The output is a single CSV alongside the sphot HDF5 with one row per
filter and per source.
References
----------
* :func:`sphot.core.run_aperphot`
* :func:`sphot.aperture.aperture_routine`
* :doc:`/api/aperture`
------------------------------------------------------------------
.. sidebar:: Why the alternation works
Each sub-step would be unbiased if the *other* two were perfect. Sersic
needs PSF light gone; PSF photometry needs the galaxy core gone; sky
needs both gone. Iterating works because each pass operates on the
cleanest version of the *other* components currently available, and the
non-modelled component each step injects (Sersic-fit residual into PSF
data, PSF-fit residual into Sersic data) shrinks geometrically. Empirically,
five to ten iterations with a strict convergence atol is enough on the
targets sphot was built for.
Putting it all together
=======================
A typical end-to-end run on a multi-band cutout looks like:
.. code-block:: bash
run_sphot mygalaxy.h5 --out_folder=results/
That single command performs:
1. Load + per-filter cutouts + auto-crop.

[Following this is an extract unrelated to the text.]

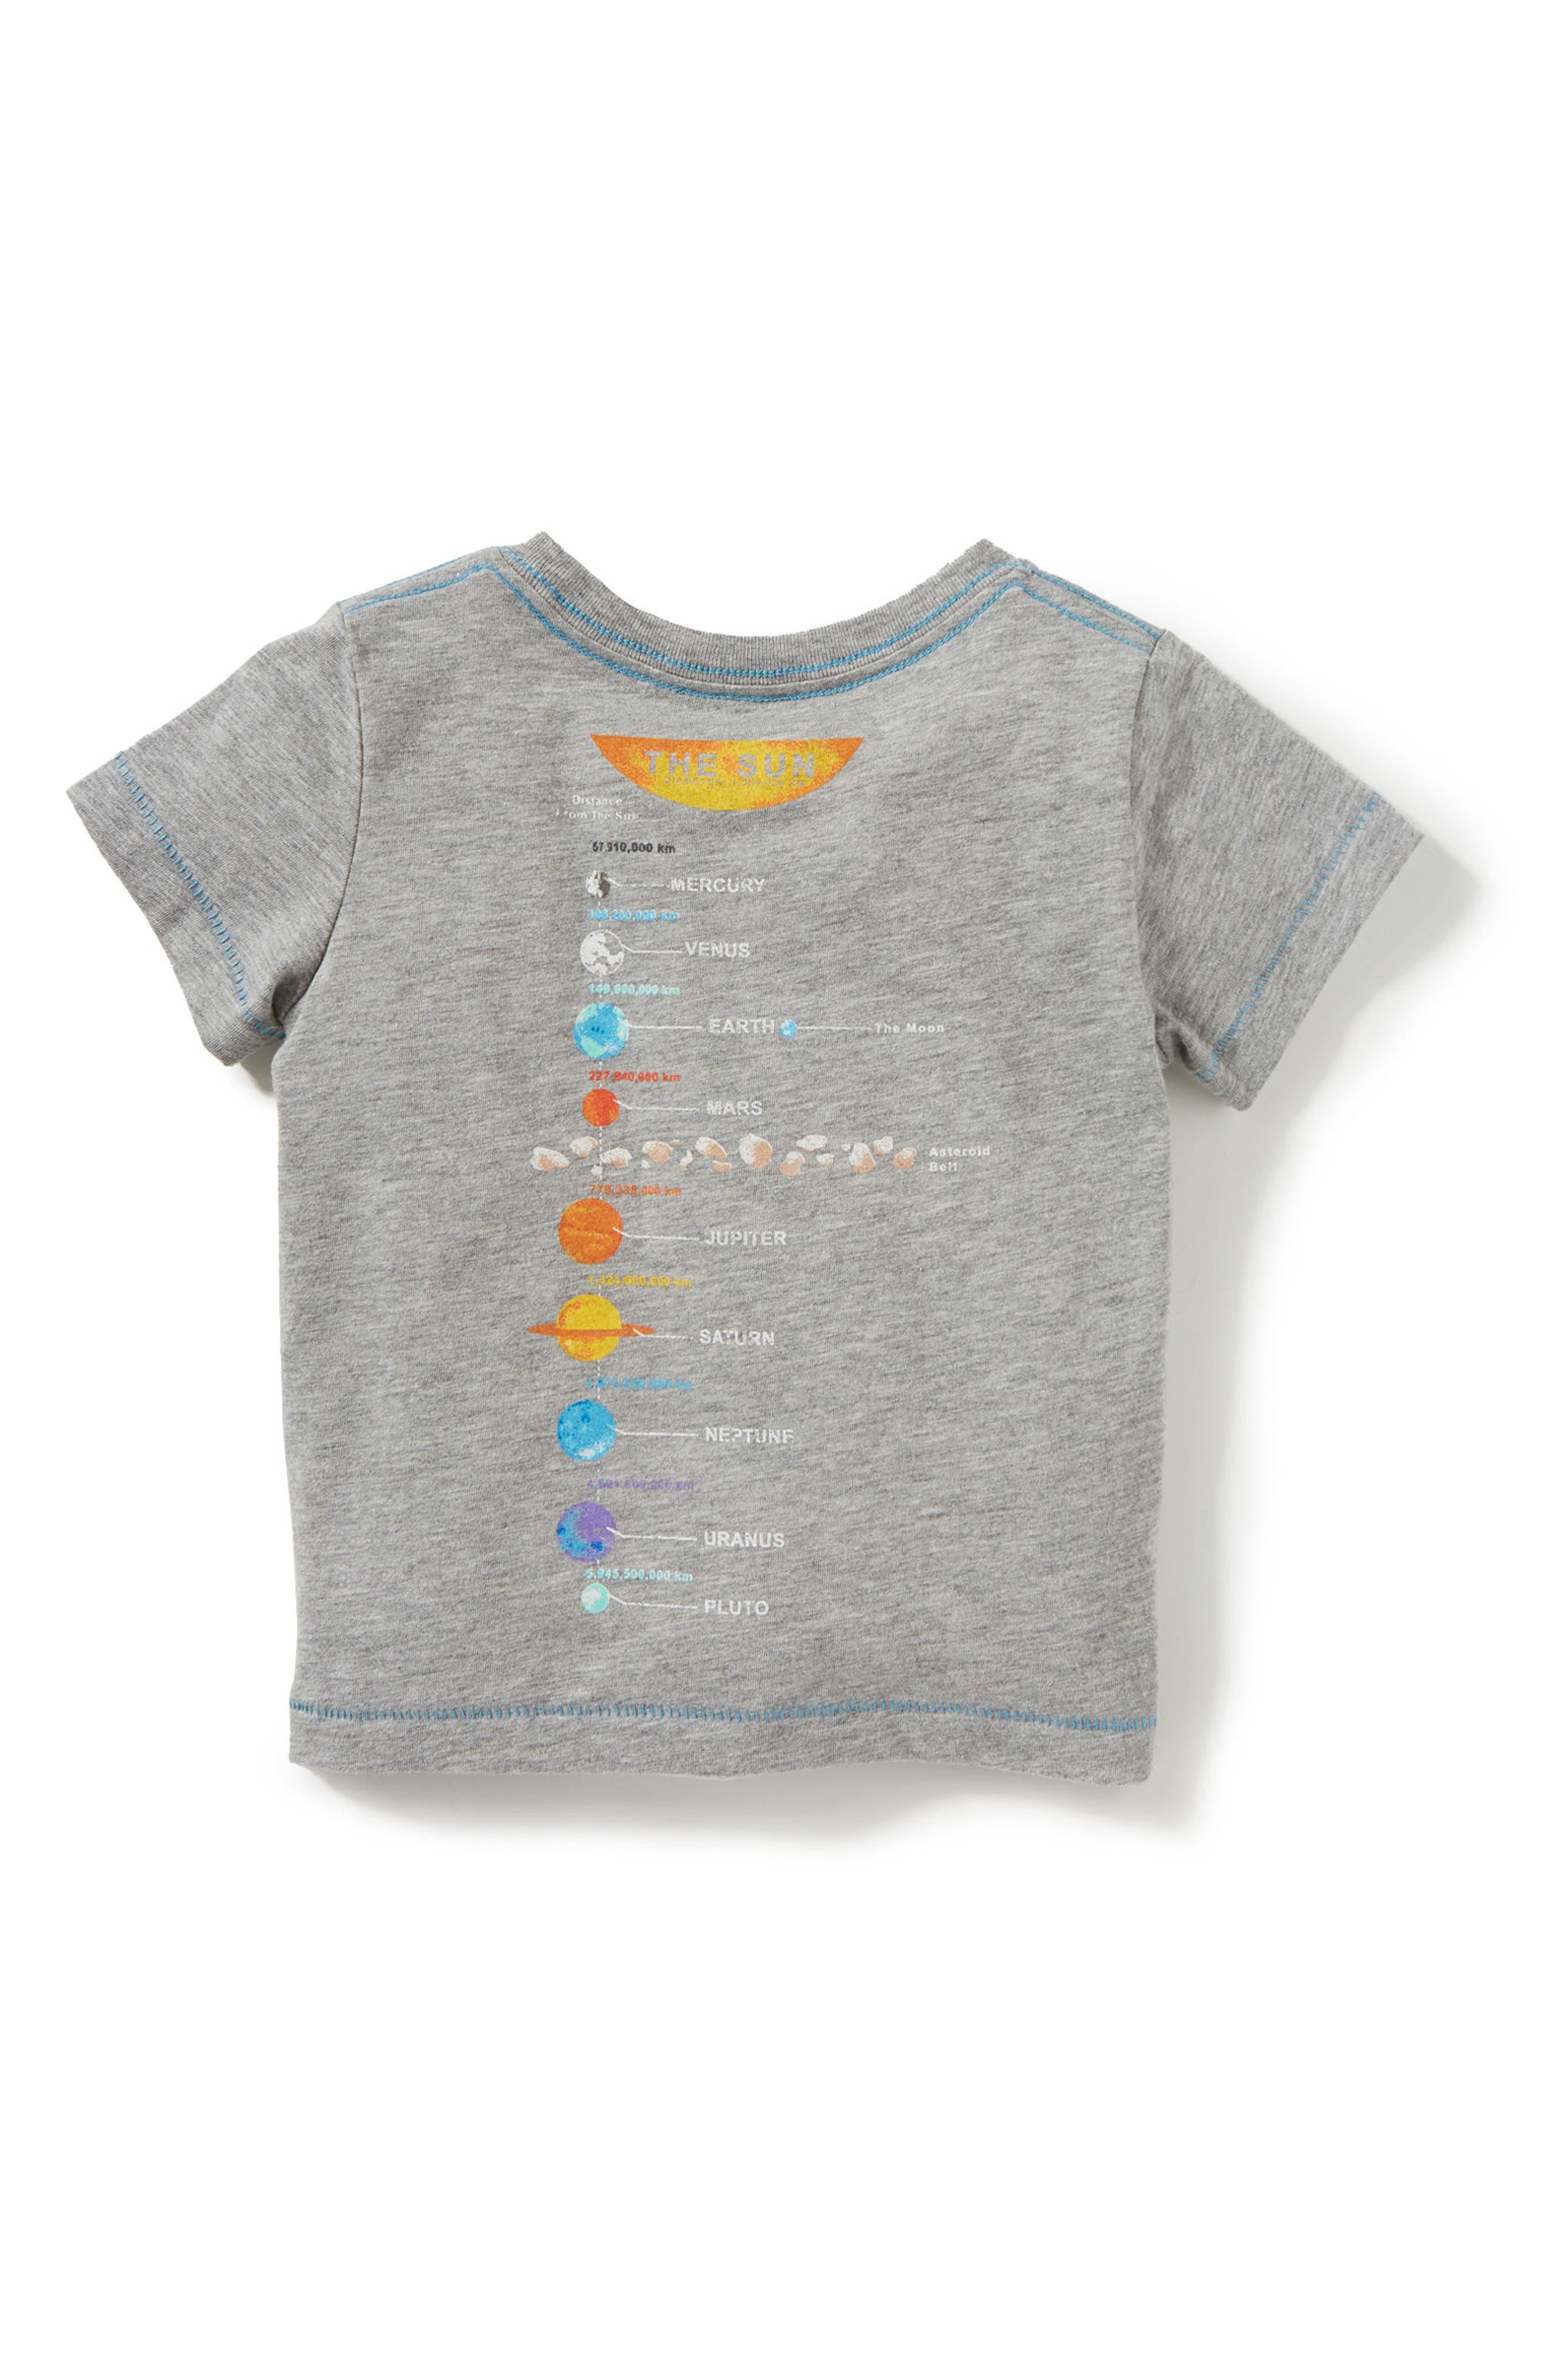 Everything Revolves Around Me T-Shirt,                             Alternate thumbnail 2, color,                             Light Heather Grey
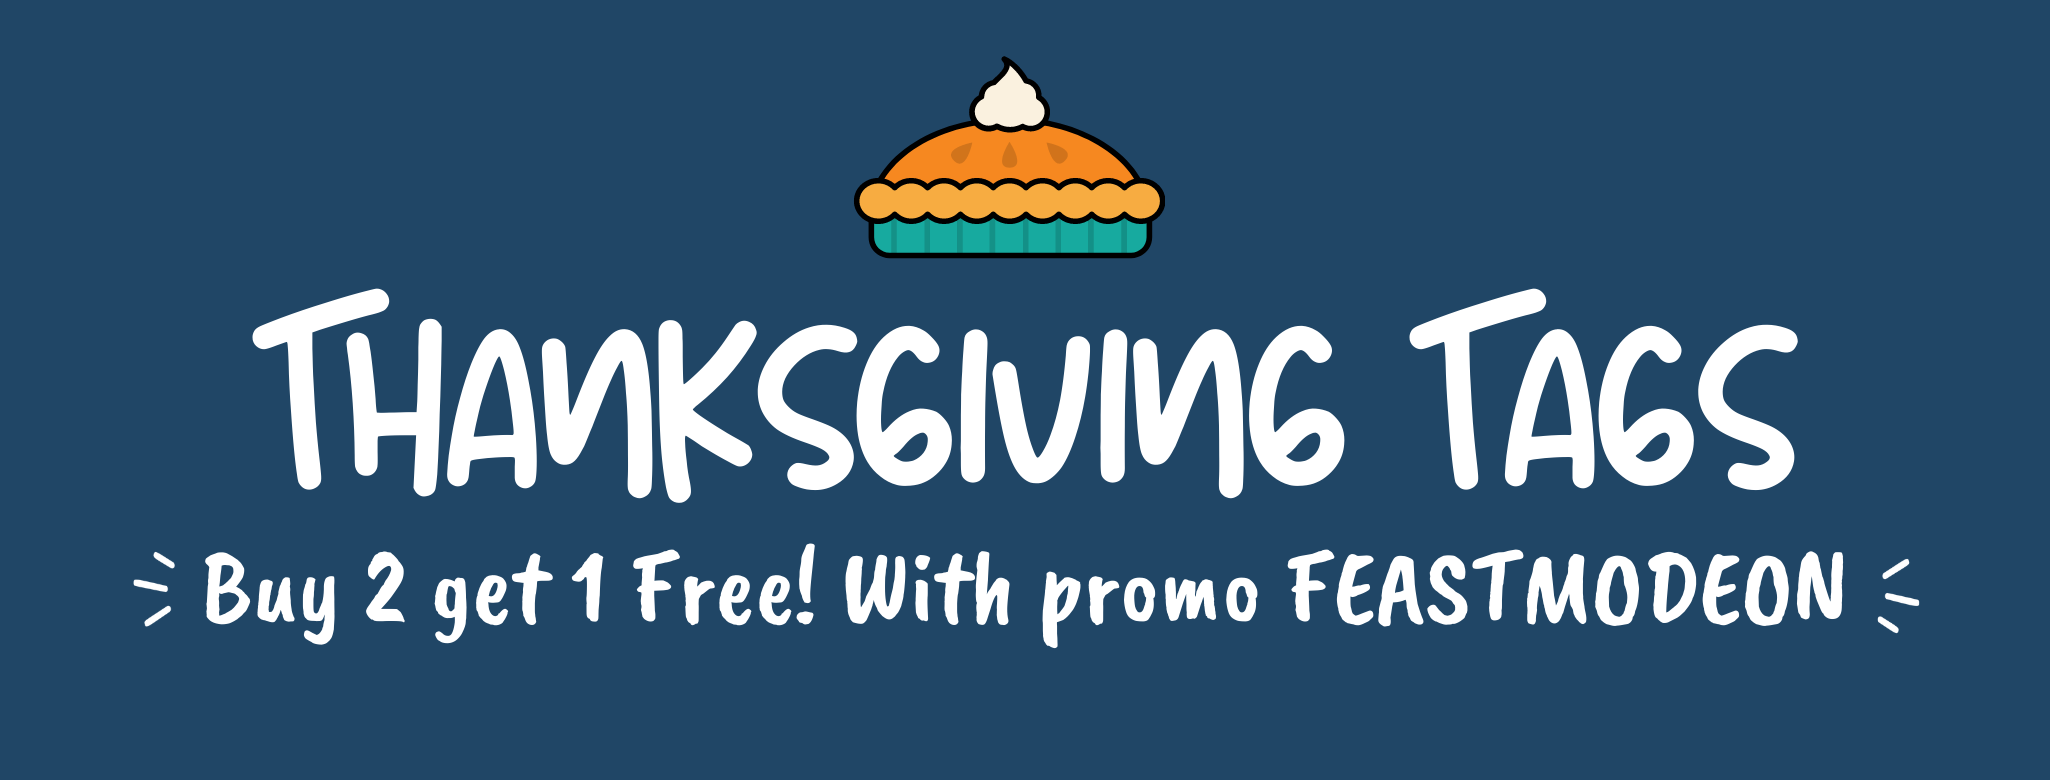 bad-tags-thanksgiving-dog-tags.png

2. ``run_basefit`` on the base filter — the bulk of the runtime.
3. ``run_scalefit`` in parallel over every other filter — typically much
faster because the Sersic shape is fixed.
4. ``run_aperphot`` (only if ``--photometry`` is passed) — Petrosian aperture
photometry on the cleaned images.
To customize behaviour, drop a ``sphot_config.toml`` next to the data file
(see :doc:`/rst/config` for the full reference) — every threshold, ladder
step, fitter method, and convergence tolerance is exposed there.